Birincisi: Nasılki kışta fırtınaların şiddetli olduğu bir vakitte, dar delikler dahi seddedilir; yeni kapılar açmak hiç bir cihetle kâr-ı akıl değil. Hem nasılki büyük bir selin hücumunda tamir için duvarlarda delikler açmak gark olmağa vesîledir. Öyle de: Şu münkerat zamanında ve âdât-ı ecânibin istilâsı ânında ve bid’aların kesreti vaktinde ve dalâletin tahribâtı hengâmında, içtihad nâmiyle kasr-ı İslâmiyetten yeni kapılar açıp duvarlarında muharriblerin girmesine vesîle olacak olan delikler açmak, İslâmiyete cinâyettir...

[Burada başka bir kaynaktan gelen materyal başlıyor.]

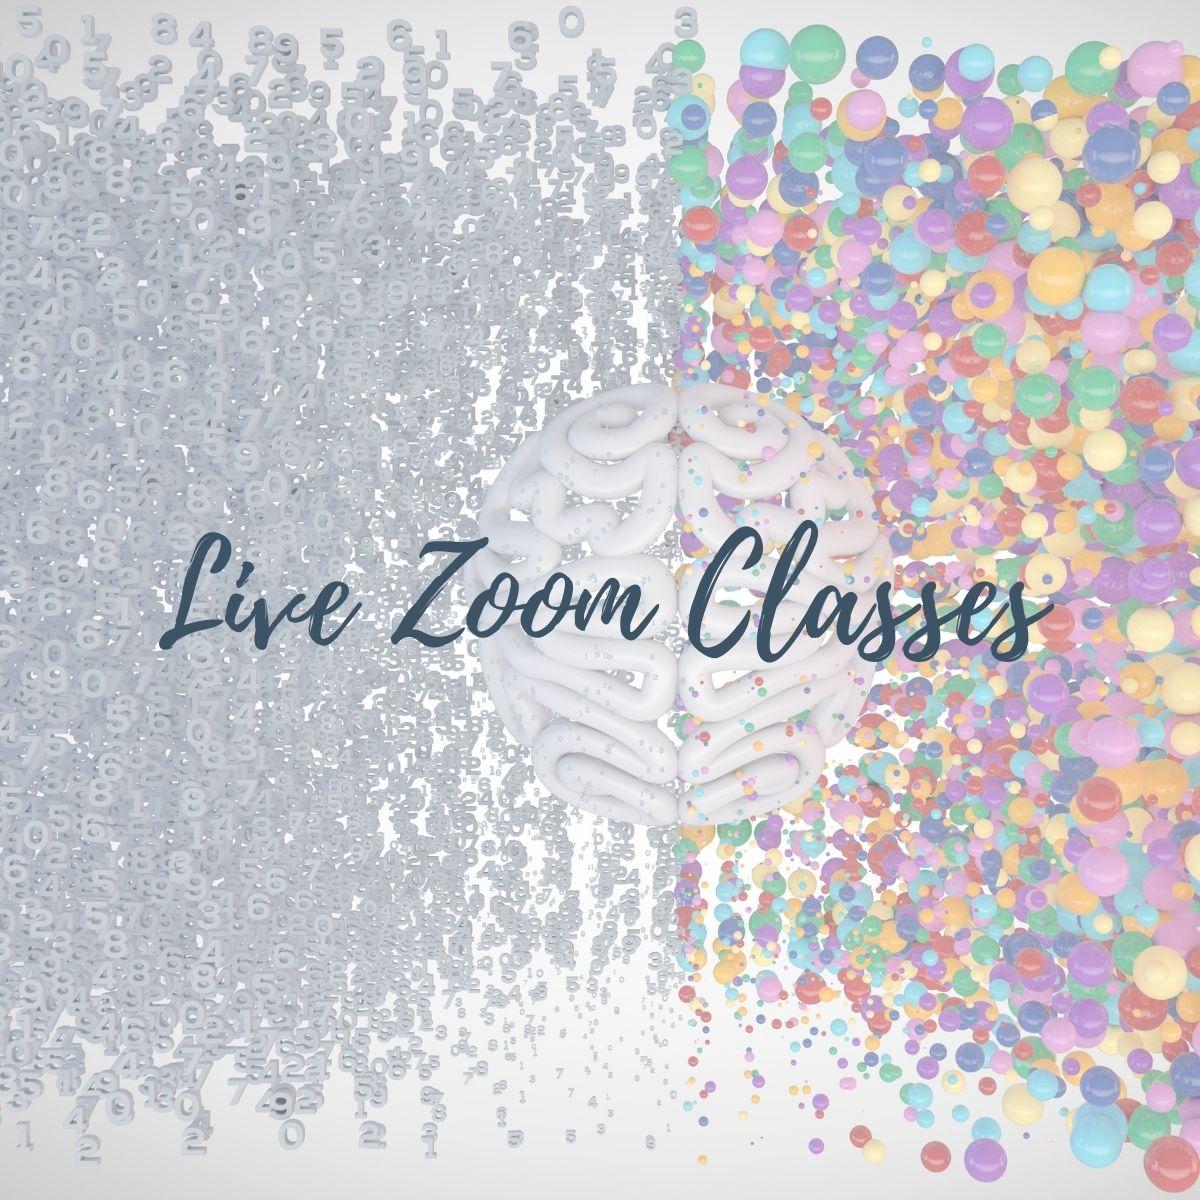 Live Zoom Classes3

İkincisi: Dinin zarûriyatı ki içtihad onlara giremez. Çünkü kat’i ve muayyendirler. Hem o zarûriyat, kut ve gıda hükmündedirler; şu zamanda terke uğruyorlar ve tezelzüldedirler. Ve bütün himmet ve gayreti onların ikamesine ve ihyâsına sarfetmek lâzım gelirken, İslâmiyetin nazariyat kısmında ve selefin içtihadat-ı sâfiyâne ve hâlîsânesiyle bütün zamanların hâcâtına dar gelmeyen efkârları olduğu halde, onları bırakıp, heveskârane yeni içtihadlar yapmak; bid’atkârâne bir hıyânettir.